What seems to be happening, although not widely noticed, is that the core of the struggle to achieve a political compromise based on the equality of Jews and Arabs will shift from intergovernmental diplomacy, including at the UN, to Palestinian resistance initiatives and global solidarity efforts, both political undertakings of people not governments or international institutions. The two-state solutions has surely died alongside Oslo diplomacy, except in the mouths of diplomats who need to keep saying something. And yet an authoritative one-state alternative that is reflective of Palestinian and Israeli rights has not been born. Until such a birth takes place there may be temporary ceasefires and pauses in the violence but nothing resembling genuine peace.

 

To establish peace, Israel will have to make a major decision to accept a coexistence of equals with the Palestinian people. This also means dismantling its apartheid matrix of control that has been fragmenting the Palestinian people (as occupied, as refugees and exiles, as discriminated minority in Israel) ever since 1948. This kind of solution can only occur if pressure from within and without mount to the point that Israelis recalculate their interests, coming to the unexpected conclusion that they are better off living in real peace with Palestinians rather than hoping to keep them permanently confined in a variety of iron cages.
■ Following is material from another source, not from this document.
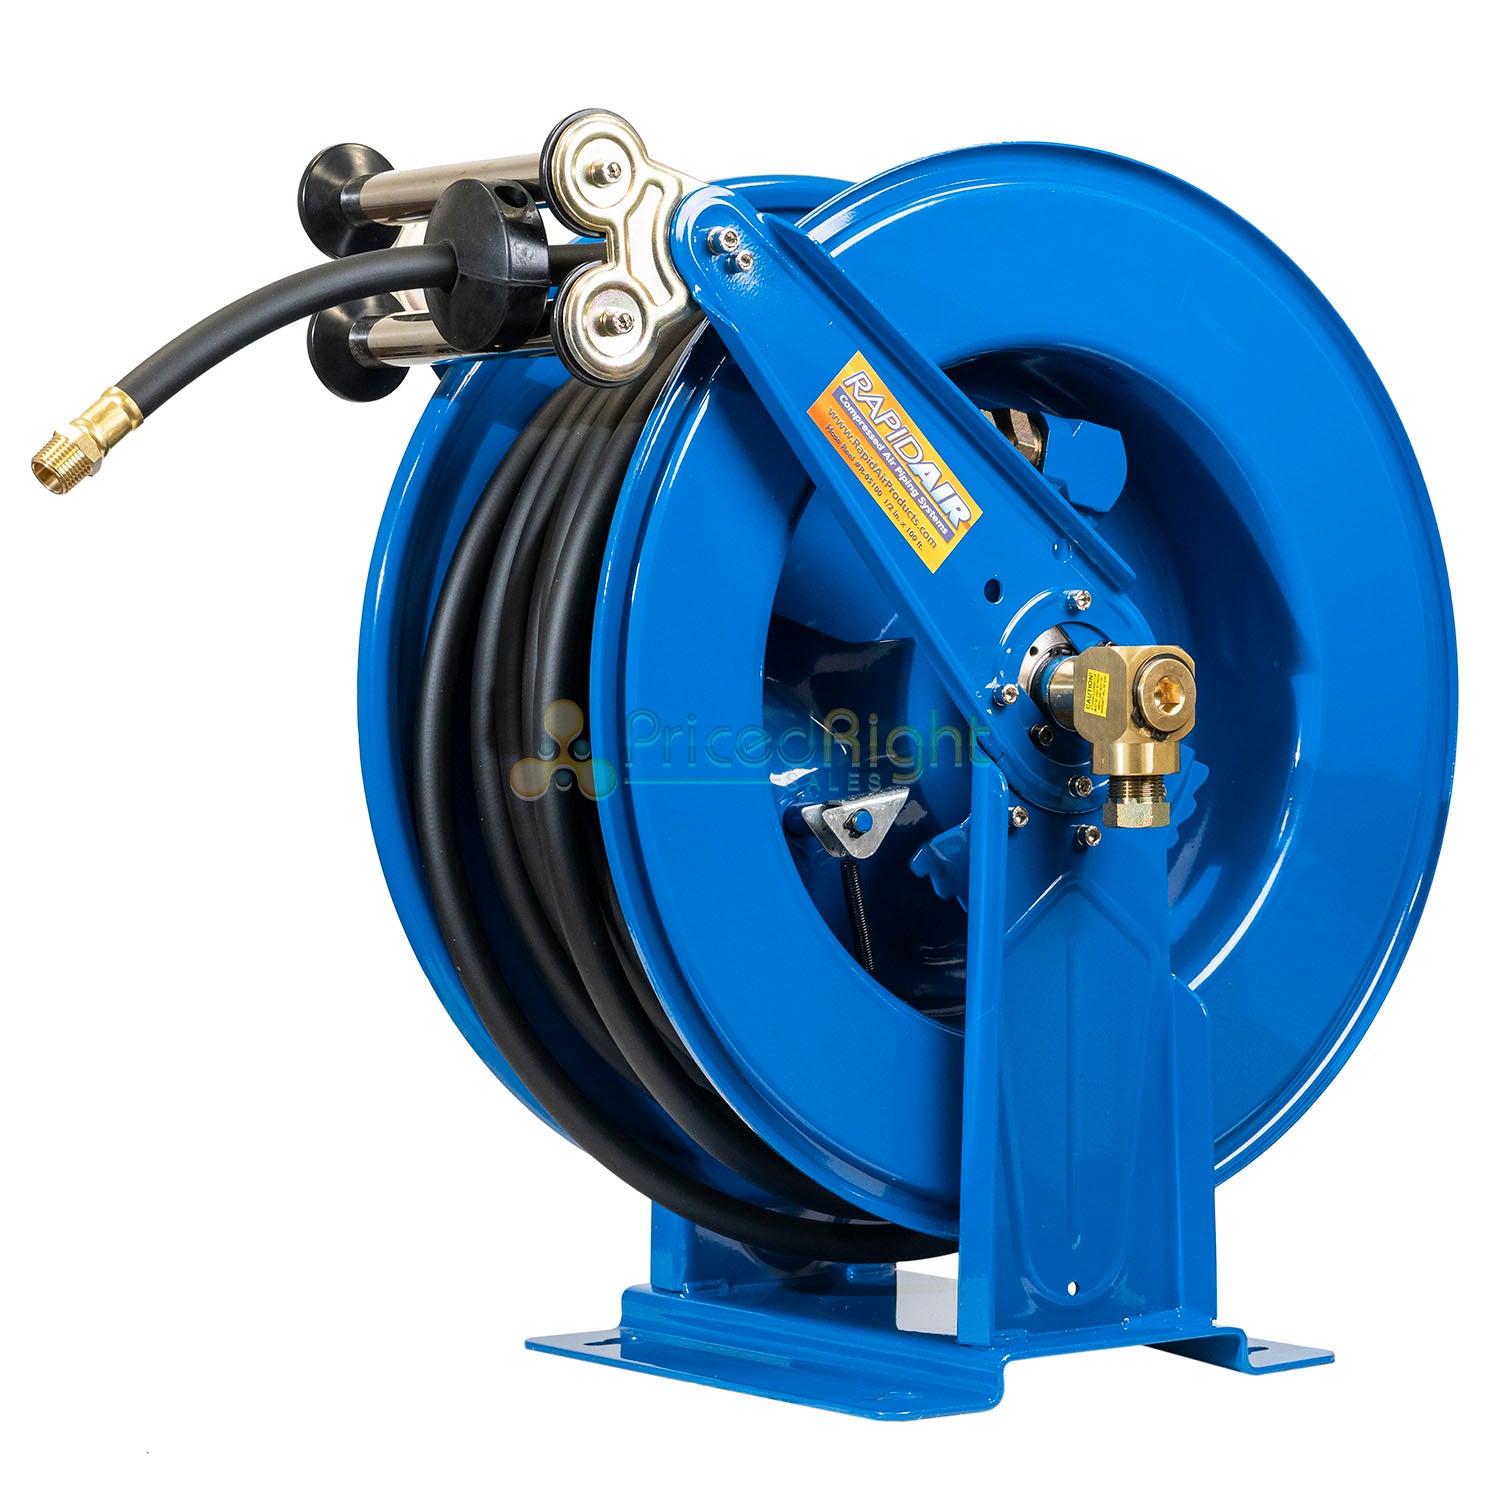 Rapidair 1/2 x 100' Dual Arm Steel Hose Reel 1/2 Inlet and Outlet R-05100  Rapidair 1/2 x 100' Dual Arm Steel Hose Reel 1/2 Inlet and Outlet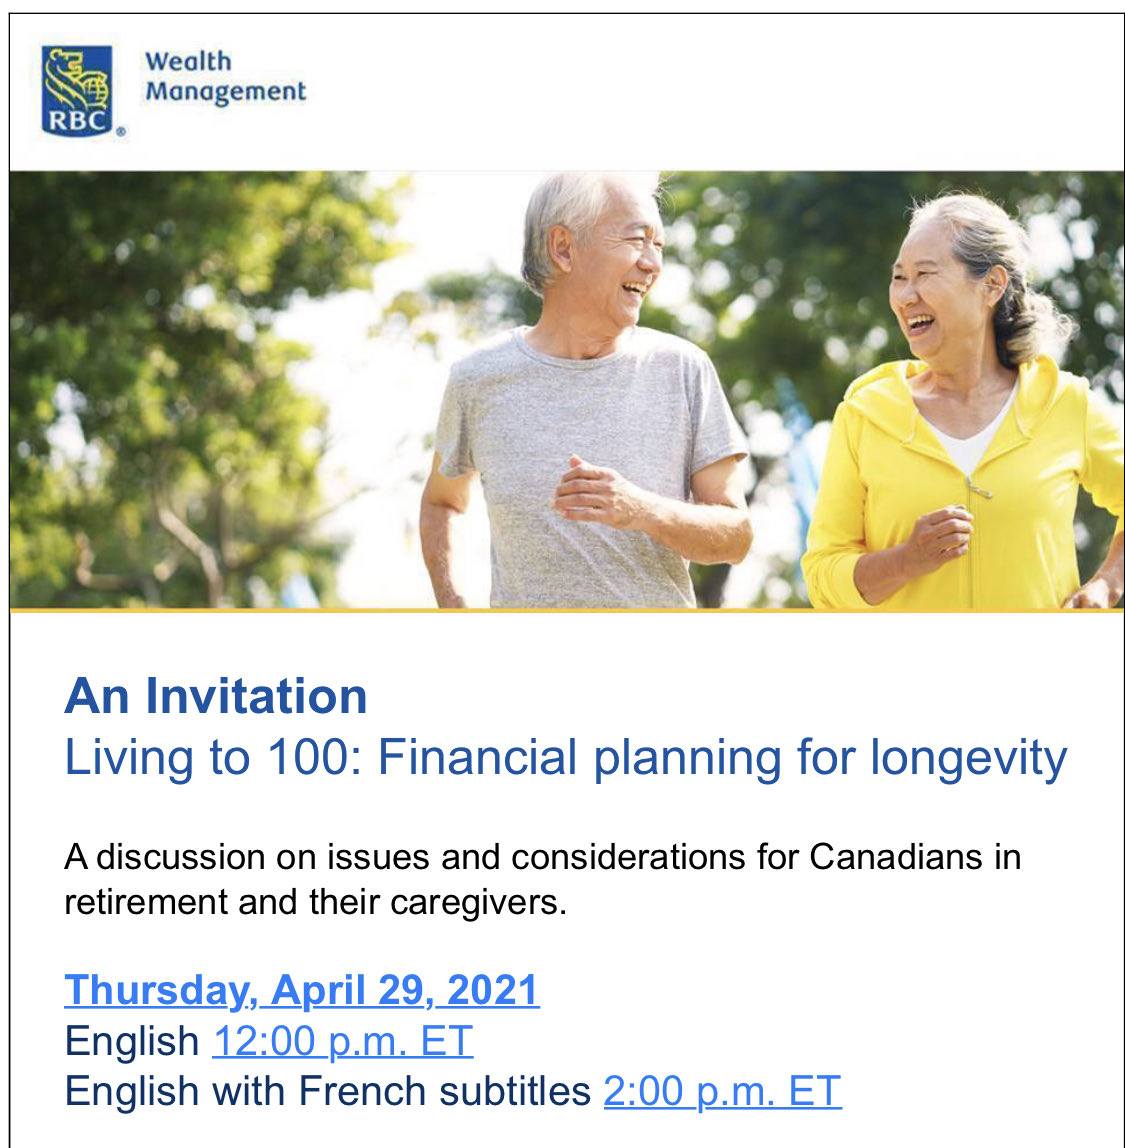 Join me for a discussion on planning for longevity in retirement, featuring ⁦⁦@RyersonNIA⁩ colleagues ⁦@ActuaryOnAgeing⁩ and Michael Nicin, and ⁦@RBCwealth⁩’s own Howard Kabot. Reach out to register!

The South African managers of their apartheid regime came to such a startling conclusion 25 years ago. It has already taken Israeli leaders far longer, with no good end in sight. We should never foreclose a benign future achieved through resistance and solidarity. This more hopeful scenario might begin to unfold if more of the media began fulfilling its own claims of offering trustworthy and objective reportage, especially on controversial issues of war and peace. Not only would this help resolve the Israel/Palestine struggle, it would restore confidence that a responsibly informed society would more often take the side of peace and justice, and compel their leaders to do the same, or face short career horizons.